Still, Saranae has a code. Frightening celebrities is fair game. Injuring their reputation or causing them to “lose face” is mostly forbidden. (No exposing dark secrets, such as sexual proclivities, or even an embarrassing smoking habit.)
The movie’s thrills are multi-layered. Filmed over two years, it casts two good-hearted, geeky interns as the chief prank perpetrators. While it’s amusing to watch celebs get stung, there’s a richer pleasure in watching two well-raised Thai young men squirm as Saranae forces them to violate social norms. The line between pranker and prankee is often blurred.
In the film, the interns are ordered to somehow shave off the iconic mustache of singer Ad Carabao, a Springsteenish rocker known to roll with rowdy bikers. After being pushed around and even shot at by his gang (who are secretly in on the joke) the interns meet the rock legend — and beg with whispery deference for his whiskers.
“We just had a feeling these boys were good people inside,” said Saranae member Nakorn “Ple” Silachi. “That makes it more fun to watch.”
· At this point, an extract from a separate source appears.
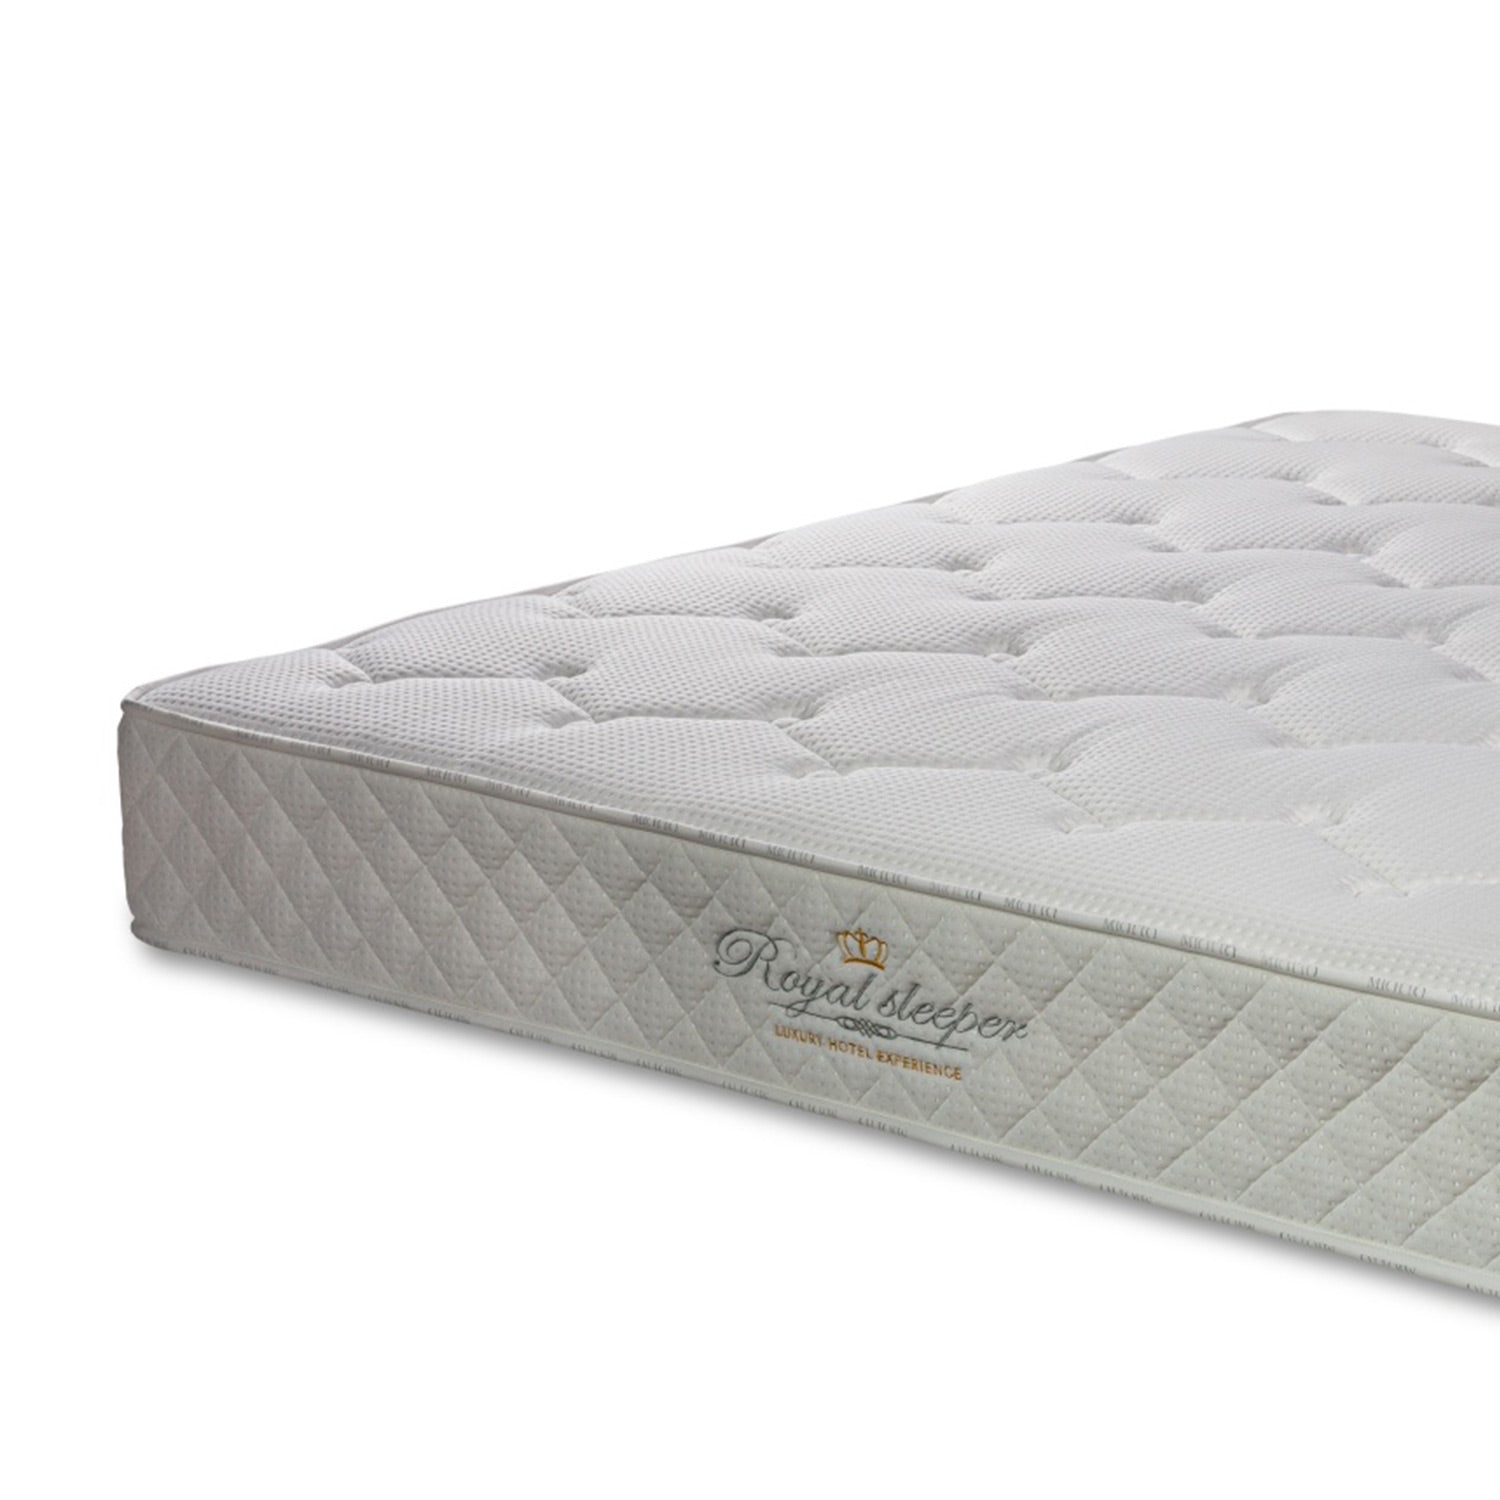 Surrey mattress

One of the interns, Pongpit “Starbuck” Preechaborisutkul, said his traditional Chinese-Thai family has shown concern over this “frivolous” behavior. They were particularly upset to see their son trapped in a small tent with a grumpy tiger. “They might get the humor, but they don’t like it,” he said. “They would prefer I work in business.”
Cultural do’s-and-don’ts aside, there’s one huge plus to pranking in Thailand: It’s a far less litigious country than America. Saranae is free to kidnap celebrities, scare the hell out of them and simply apologize their way out of repercussions.
Though livid, Mum, the actor tricked into the taxi hell ride, later accepted Saranae’s flurry of apologetic bows on Thai television. There were conditions: Mum forced them to edit some of the cursing that made him appear “low class.” (In Thailand, public displays of fury are quite taboo.)
“We knew he’d never sue us,” McIntosh said. “Of course, in America, I would be sued. I’d lose my company. Actually, I’d probably go to jail.”
Saranae’s rules are also shaped by trial and error. Targeting strangers was ruled out after a wayward TV stunt in which the pranksters acquired a public bus and picked up unsuspecting commuters. When elderly passengers boarded, they’d run the standard route. But when younger passengers would board, the comedians would feign bombings.
“We thought we’d put a little rainbow color in their life,” McIntosh said. Instead, the outcry nearly forced them to shut down the company.
Energized by their surprise domestic success, Saranae has decided to submit the film to the Cannes Film Festival and possibly market it internationally under the title, “God Bless the Interns.”
Meanwhile, Saranae prankster Hoi has been creeping into theaters to soak up Thai moviegoers’ reactions. Between fits of laughter, many will mutter that the comedians are “evil” or call them monitor lizards, a rather poisonous Thai put-down.
“At first, I thought, ‘Wow, maybe we really are evil backstabbers,’” Hoi said. “But wouldn’t you believe it? Pretty soon our front desk was crowded with people applying to work for us. They want to prank people too.”